Meine Interpretation der Fahrt
1. Die erste Szene zeigt einen Riesen

Das ist der Todesgott Yama; bzw Yánluó, der Herrscher über das Jenseits (Diyu) sowie Aufseher über die „Zehn Könige der Hölle“.  Yama  regiert die die Unterwelt. Diyu ist in der chinesischen Mythologie das Reich der Toten, das „Erdgefängnis“.

Hier wacht der Gott der Unterwelt

Besuchern der Unterwelt teilt Yama mit, welchen der Schicksalspfade er zu beschreiten hat. Das entscheidet sich nach der Summe seiner guten und schlechten Taten. Nach Yamas Urteil werden die Toten entweder in den Himmel oder in ein Labyrinth von Ebenen und Kammern der Unterwelt geleitet, um dort für ihre Sünden zu büßen.

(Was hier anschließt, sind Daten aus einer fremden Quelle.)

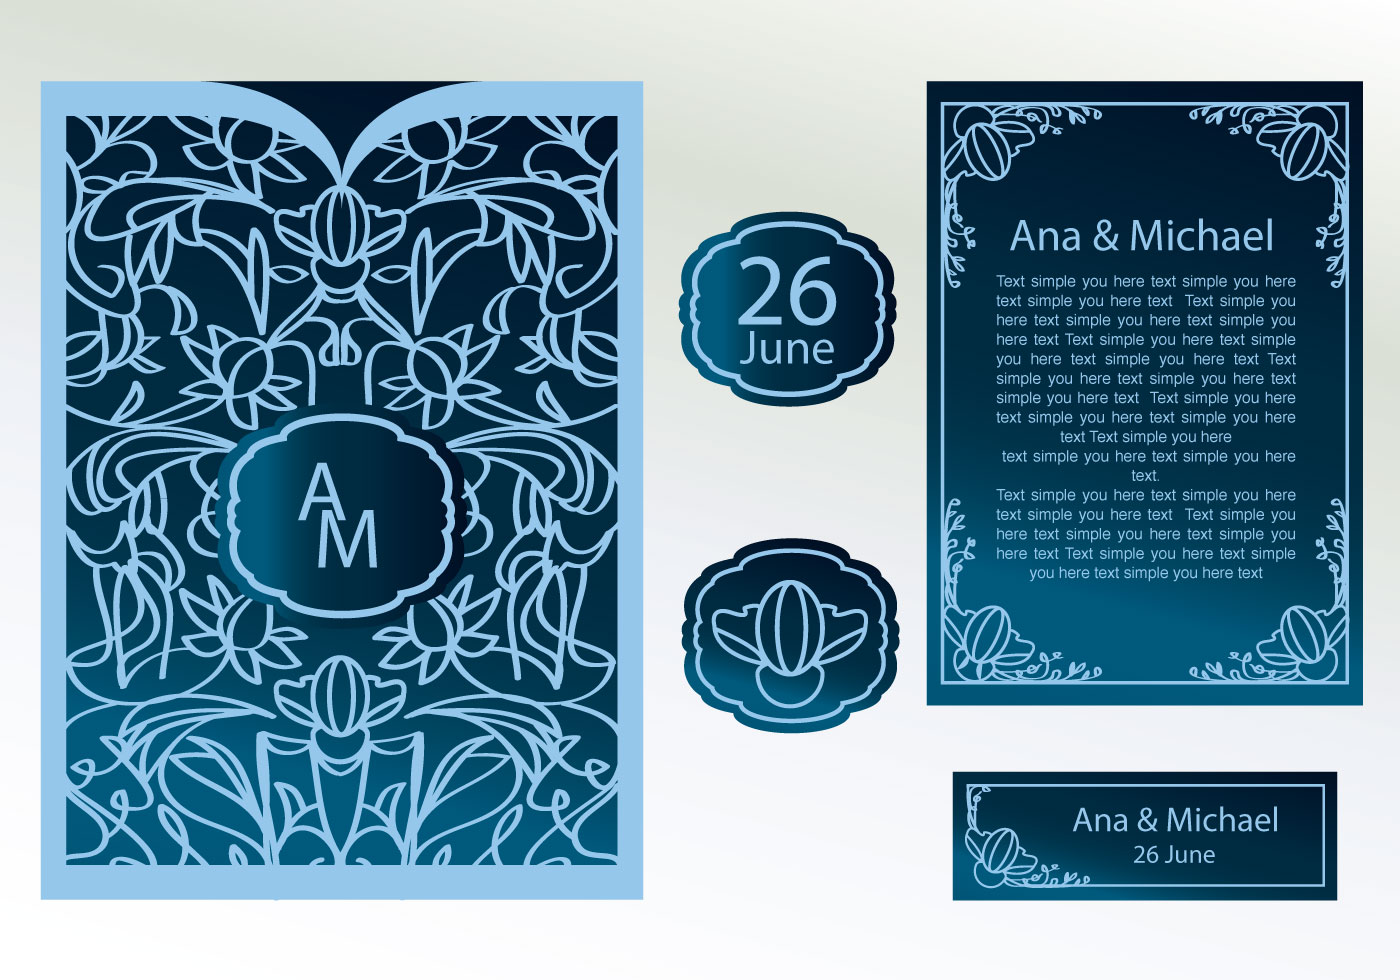 Digital Wedding Invitations Templates as perfect invitation ideas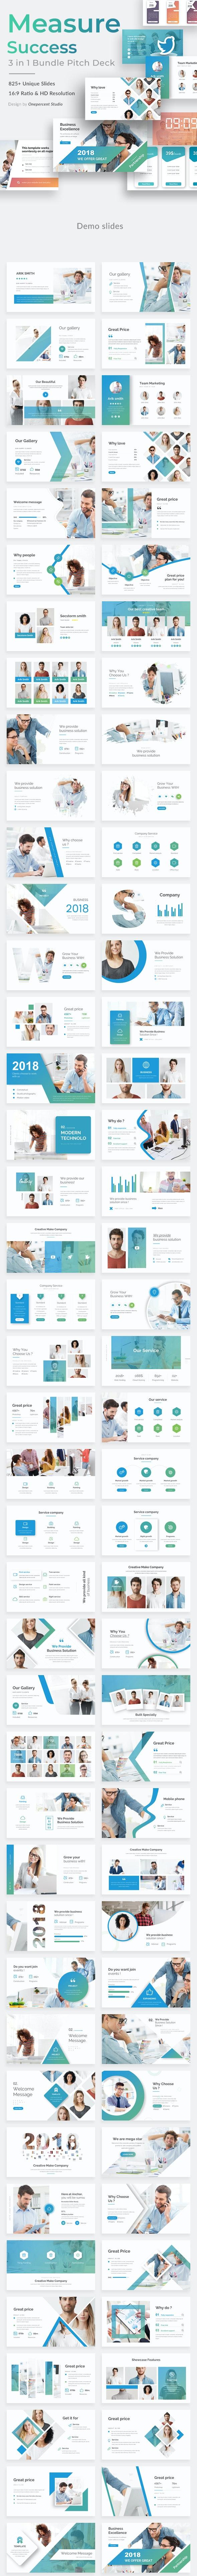 Measure Success 3 in 1 Pitch Deck Bundle Powerpoint Template - Business PowerPoint Templates

Yama hat eine Schar von Boten. Das sind wohl die drei Figuren, die um den Riesen herumstehen. Im Hintergrund sieht man eine Art Gefängnis mit weiteren Figuren.

Die Gondeln fahren nun abwärts nach Diyu. Es gibt Kammern, wohin die Seelen nach ihrem Tode gebracht werden, um für ihre Sünden, die sie zu Lebenszeiten begingen, zu büßen. Hier gibt es in der Mythologie auch 10 Unterweltsgerichtshöfe.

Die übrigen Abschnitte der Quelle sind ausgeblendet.